- The paper introduces a two-phase methodology where the progress phase learns new tasks with feature reuse and the compress phase consolidates knowledge via online EWC.
- The paper demonstrates reduced catastrophic forgetting and improved performance over standard fine-tuning in experiments on Omniglot, Atari, and 3D maze navigation.
- The paper shows that maintaining a fixed parameter count enhances scalability and promotes efficient forward transfer across sequential learning tasks.
Progress & Compress: A Scalable Framework for Continual Learning
The paper "Progress & Compress: A scalable framework for continual learning" by Jonathan Schwarz et al. addresses a critical issue in machine learning, particularly in domains where tasks are learned sequentially. Continual learning, defined as the ability to learn new tasks without forgetting previous knowledge, presents unique challenges in both supervised and reinforcement learning (RL) contexts. The proposed framework, dubbed Progress & Compress (P&C), offers a novel solution to these challenges through an architecture that maintains a constant number of parameters and avoids catastrophic forgetting while facilitating positive transfer.
Methodology
The core structure of P&C consists of two neural components: a knowledge base and an active column. The knowledge base retains previously learned knowledge, and the active column is dedicated to learning new tasks. The framework operates in two distinct phases:
- Progress Phase: In this phase, the active column learns new tasks by adapting its parameters. The knowledge base facilitates this learning through layerwise connections that allow feature reuse, similar to Progressive Networks. This connection encourages positive transfer but introduces no architectural growth.
- Compress Phase: Here, the information learned by the active column is distilled into the knowledge base, ensuring that previous knowledge is preserved. This is achieved through a modified Elastic Weight Consolidation (EWC) approach. EWC mitigates forgetting by constraining the parameters to prevent excessive deviation from previously learned tasks. Unlike traditional EWC, which is not scalable due to its linear growth in regularization terms, the P&C framework employs an "online EWC" that addresses scalability issues by maintaining a constant computational cost.
Experimental Validation
The authors validate P&C across multiple domains:
- Omniglot: Used to assess continual learning in a sequential classification task across 50 handwritten alphabets. Each alphabet is treated as a distinct task. The results indicate that P&C successfully preserves performance on previously learned alphabets, showing a comparable improvement over naive fine-tuning methods and other regularization approaches like basic EWC and Learning Without Forgetting (LwF).

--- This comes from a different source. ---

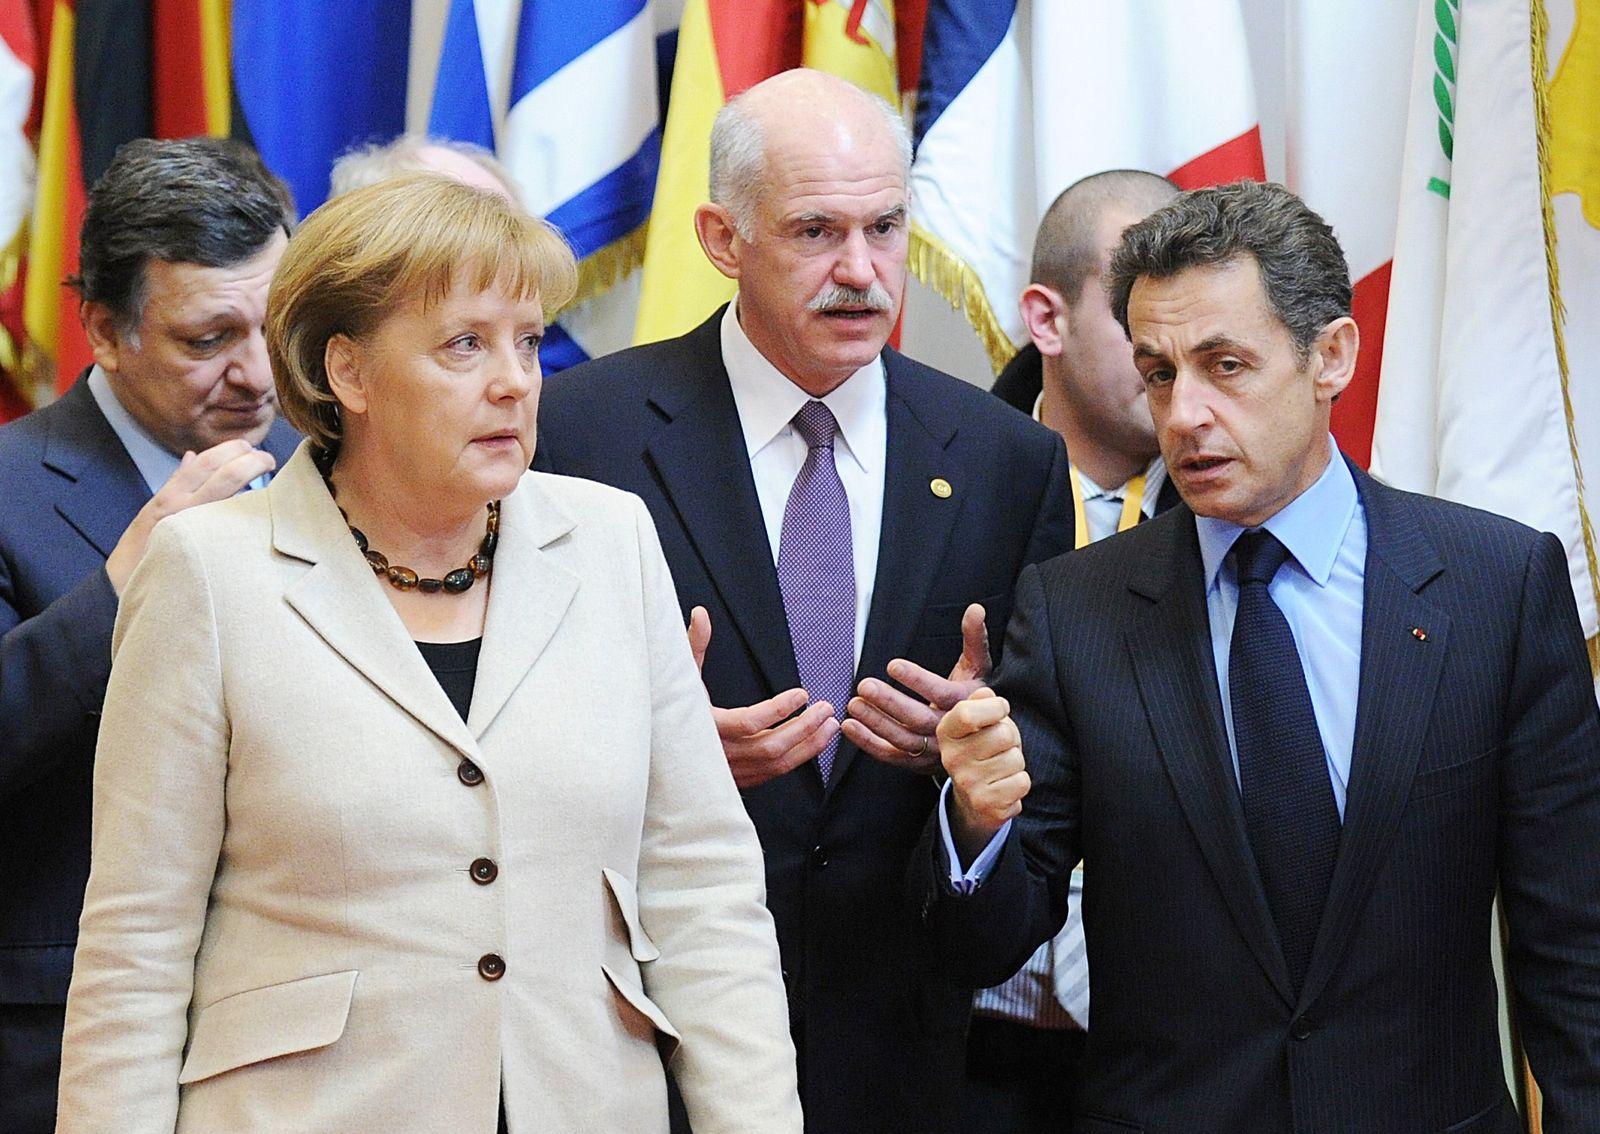 EU-SUMMIT-ECONOMY

- Atari Games: A benchmark inside RL involving the sequential learning of six games ("Space Invaders," "Krull," "Beamrider," "Hero," "Stargunner," and "Ms. Pac-man"). The results demonstrate P&C's ability to maintain high performance across tasks, effectively mitigating negative transfer and catastrophic forgetting.
- 3D Maze Navigation: Assessed the framework's scalability and forward transfer capabilities across eight similar navigation tasks. The framework enabled faster learning and retained high performance even as tasks increased, highlighting its utility in scalable scenarios.
Key Findings
- Positive Transfer: P&C enhances both generalization and data efficiency when learning new tasks. The active column leverages past knowledge from the knowledge base, which empirically accelerates the learning process in domains such as maze navigation, where task similarities are high.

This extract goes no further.